Work order —
Print every line below exactly. Skip the pictures.
*** Opening of Source data ***
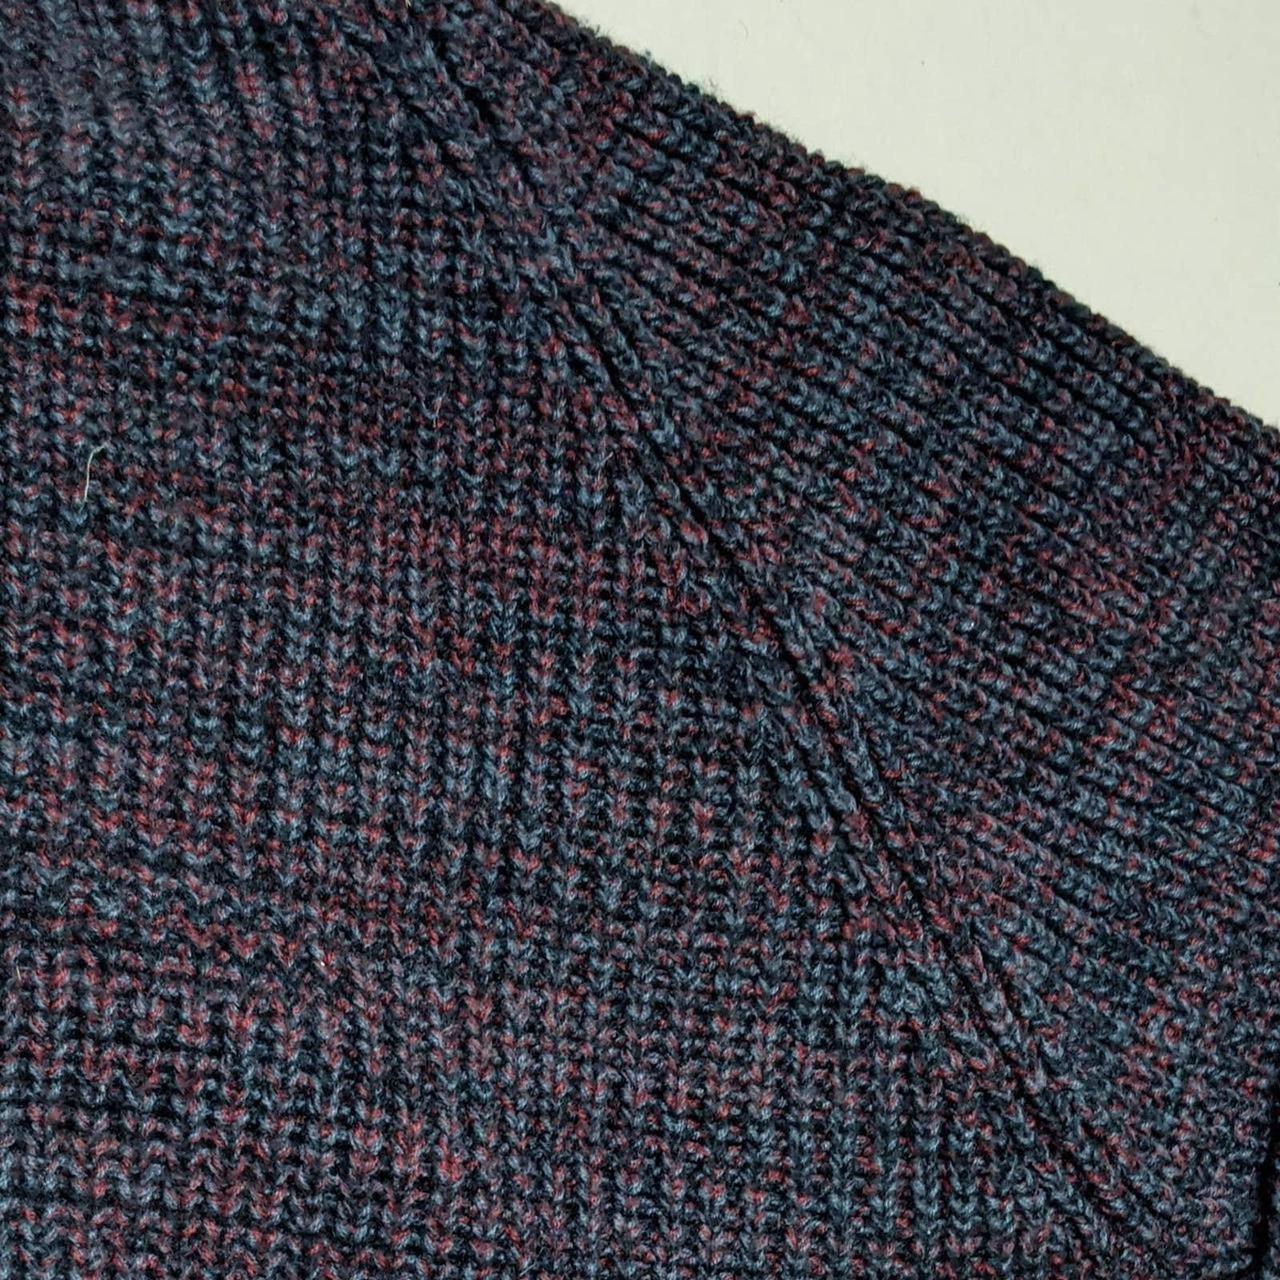 vintage 90s santana knit grandpa sweater size - Depop
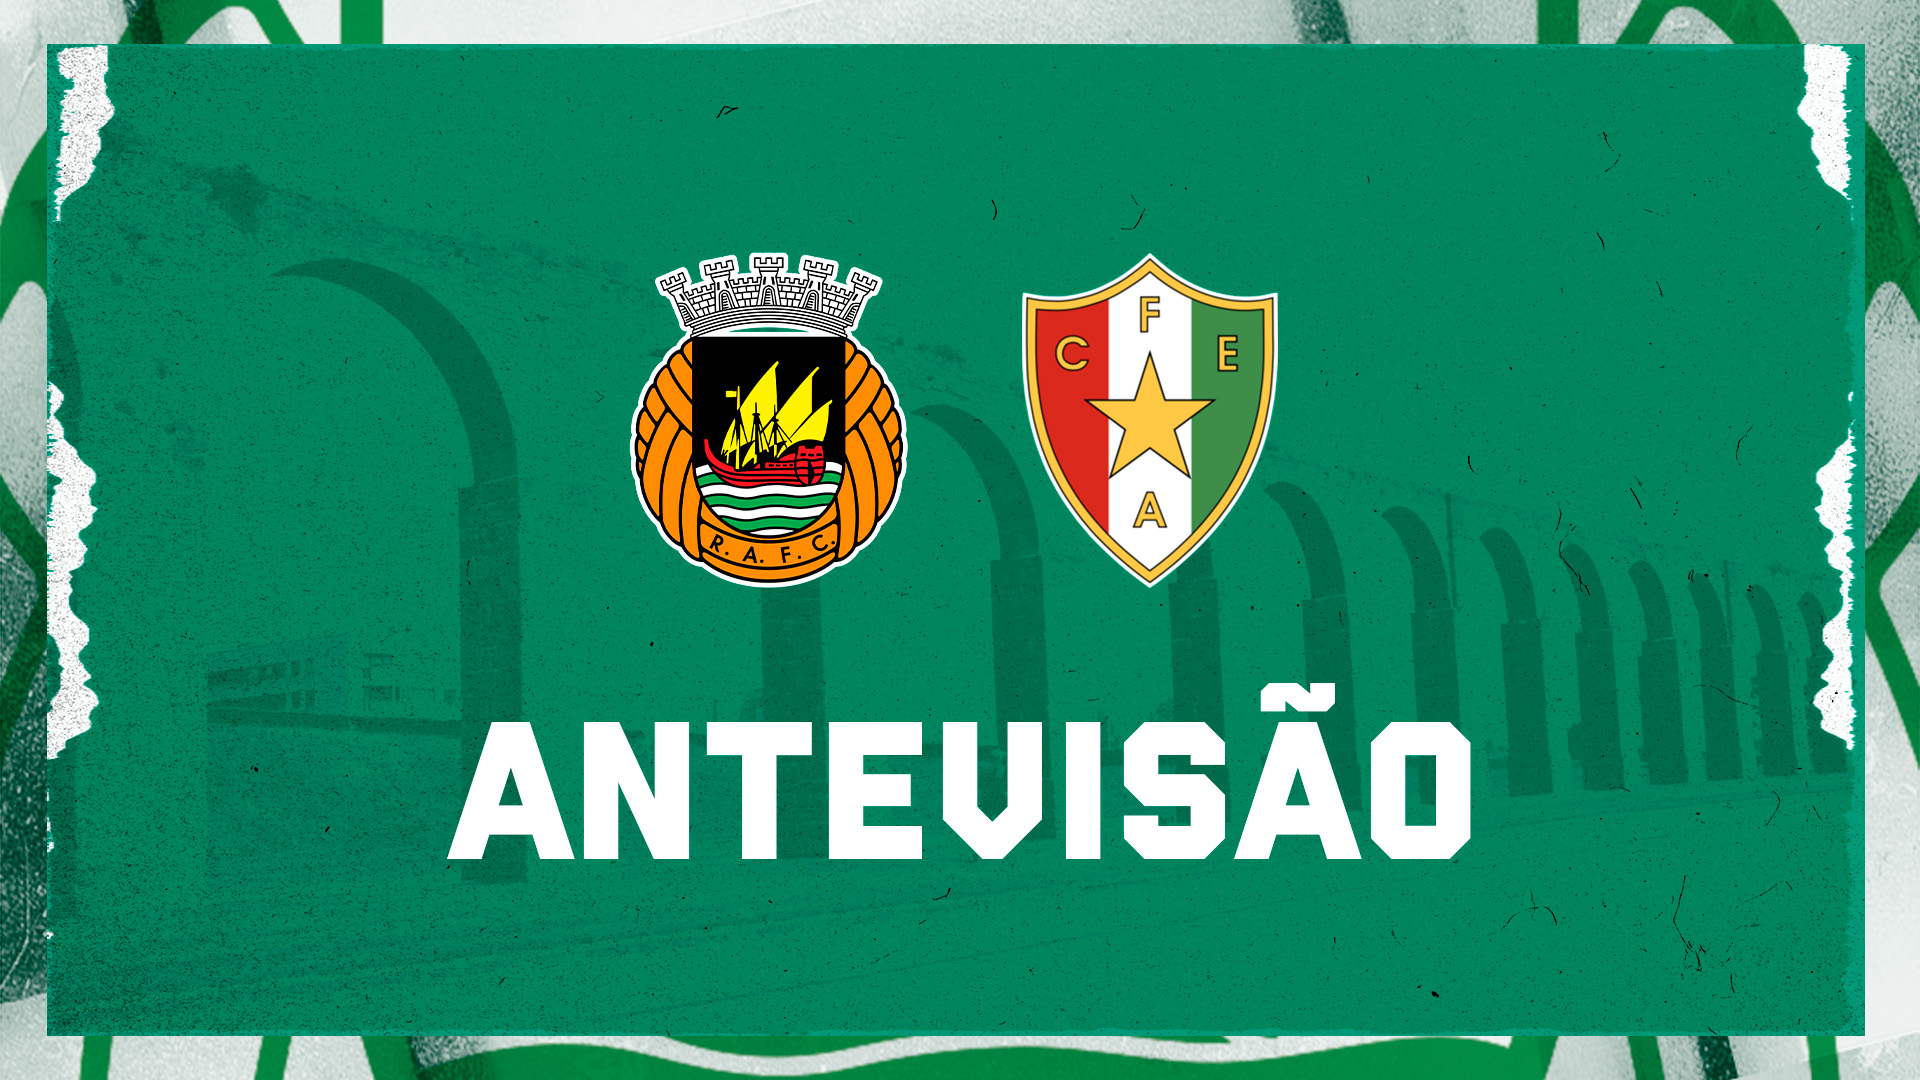 Liga Betclic: Empate entre Rio Ave e Estrela da Amadora
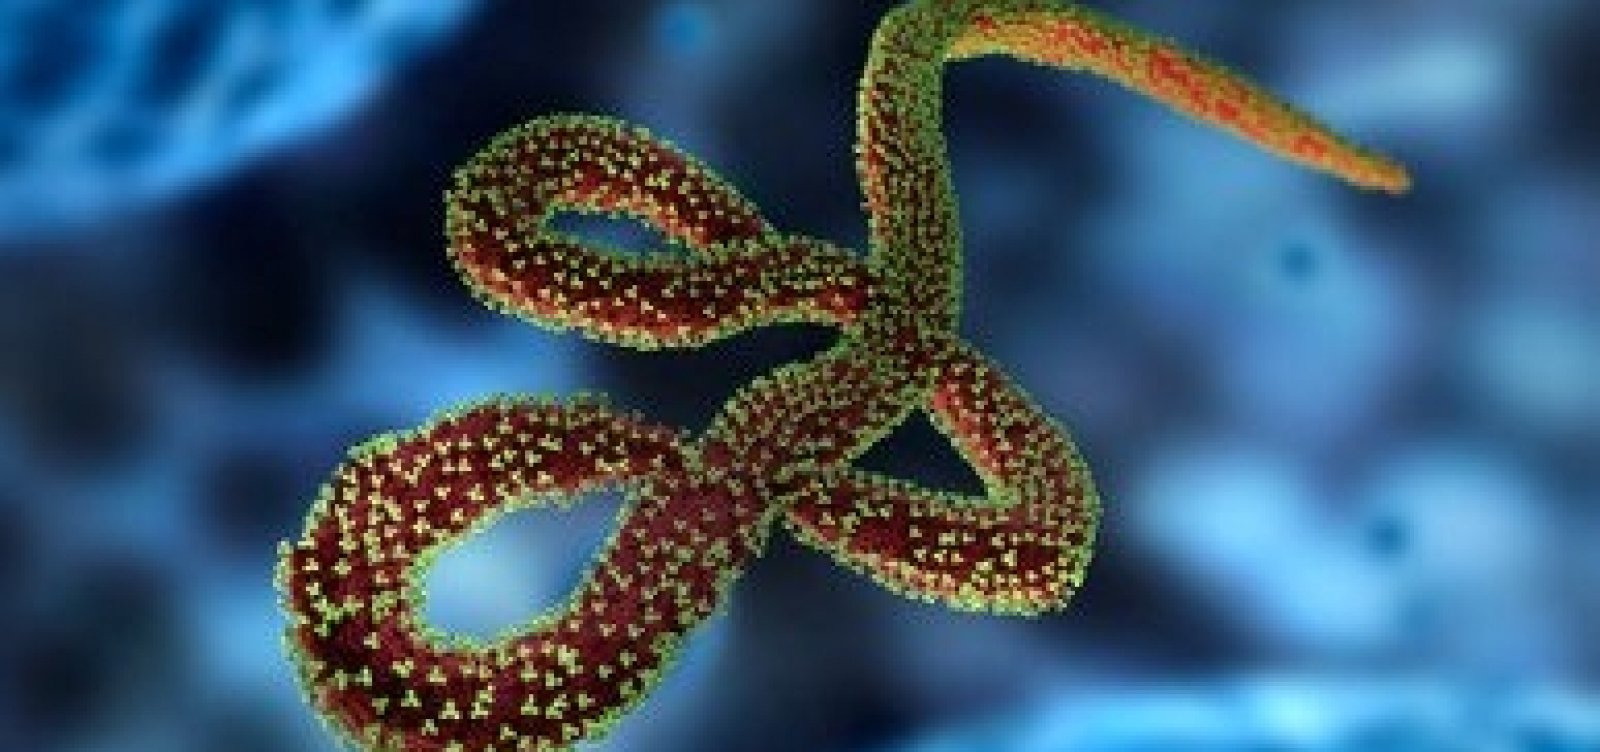 [Novo caso do vírus ebola mata uma pessoa no Congo]
*** Close of Source data ***
Your response —
 vintage 90s santana knit grandpa sweater size - Depop
 Liga Betclic: Empate entre Rio Ave e Estrela da Amadora
 [Novo caso do vírus ebola mata uma pessoa no Congo]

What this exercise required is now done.